Data provided:
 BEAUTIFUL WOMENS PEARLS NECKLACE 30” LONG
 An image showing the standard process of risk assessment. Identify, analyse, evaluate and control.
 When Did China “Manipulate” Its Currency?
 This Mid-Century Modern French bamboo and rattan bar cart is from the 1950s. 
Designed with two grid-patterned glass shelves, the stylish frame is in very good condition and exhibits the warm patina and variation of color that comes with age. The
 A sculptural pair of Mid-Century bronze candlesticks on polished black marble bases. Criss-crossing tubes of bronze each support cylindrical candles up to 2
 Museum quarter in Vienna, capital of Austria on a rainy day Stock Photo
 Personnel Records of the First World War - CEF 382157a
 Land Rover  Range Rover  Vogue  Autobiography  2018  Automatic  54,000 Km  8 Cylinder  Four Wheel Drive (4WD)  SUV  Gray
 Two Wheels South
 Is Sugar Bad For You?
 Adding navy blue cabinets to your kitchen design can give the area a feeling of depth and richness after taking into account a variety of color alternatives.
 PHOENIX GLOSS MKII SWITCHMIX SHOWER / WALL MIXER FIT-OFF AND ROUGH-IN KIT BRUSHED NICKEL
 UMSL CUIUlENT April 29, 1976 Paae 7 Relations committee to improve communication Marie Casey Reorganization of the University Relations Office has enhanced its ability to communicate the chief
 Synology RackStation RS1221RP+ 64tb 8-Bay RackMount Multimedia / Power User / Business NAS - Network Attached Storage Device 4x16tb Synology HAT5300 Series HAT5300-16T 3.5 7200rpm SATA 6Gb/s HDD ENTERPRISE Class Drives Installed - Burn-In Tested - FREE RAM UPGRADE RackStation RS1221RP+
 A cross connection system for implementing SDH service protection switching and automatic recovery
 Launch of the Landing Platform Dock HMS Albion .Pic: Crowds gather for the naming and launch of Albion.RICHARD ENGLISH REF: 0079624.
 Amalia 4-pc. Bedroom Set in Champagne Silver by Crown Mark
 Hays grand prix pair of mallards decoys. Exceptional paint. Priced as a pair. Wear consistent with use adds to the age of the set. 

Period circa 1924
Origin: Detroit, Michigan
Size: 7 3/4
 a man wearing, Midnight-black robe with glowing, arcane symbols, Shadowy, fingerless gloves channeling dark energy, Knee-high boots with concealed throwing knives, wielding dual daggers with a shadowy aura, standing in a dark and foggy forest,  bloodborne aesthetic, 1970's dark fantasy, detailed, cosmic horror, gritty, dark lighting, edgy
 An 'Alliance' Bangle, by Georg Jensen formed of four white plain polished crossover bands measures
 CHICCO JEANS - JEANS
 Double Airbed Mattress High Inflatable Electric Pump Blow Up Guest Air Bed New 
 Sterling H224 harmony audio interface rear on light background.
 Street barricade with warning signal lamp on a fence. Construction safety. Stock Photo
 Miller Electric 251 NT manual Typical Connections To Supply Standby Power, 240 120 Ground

Your instructions: Copy out only the lines running from the beginning of the data to the line with "Adding navy blue", both ends included.

Response for this exercise:
 BEAUTIFUL WOMENS PEARLS NECKLACE 30” LONG
 An image showing the standard process of risk assessment. Identify, analyse, evaluate and control.
 When Did China “Manipulate” Its Currency?
 This Mid-Century Modern French bamboo and rattan bar cart is from the 1950s. 
Designed with two grid-patterned glass shelves, the stylish frame is in very good condition and exhibits the warm patina and variation of color that comes with age. The
 A sculptural pair of Mid-Century bronze candlesticks on polished black marble bases. Criss-crossing tubes of bronze each support cylindrical candles up to 2
 Museum quarter in Vienna, capital of Austria on a rainy day Stock Photo
 Personnel Records of the First World War - CEF 382157a
 Land Rover  Range Rover  Vogue  Autobiography  2018  Automatic  54,000 Km  8 Cylinder  Four Wheel Drive (4WD)  SUV  Gray
 Two Wheels South
 Is Sugar Bad For You?
 Adding navy blue cabinets to your kitchen design can give the area a feeling of depth and richness after taking into account a variety of color alternatives.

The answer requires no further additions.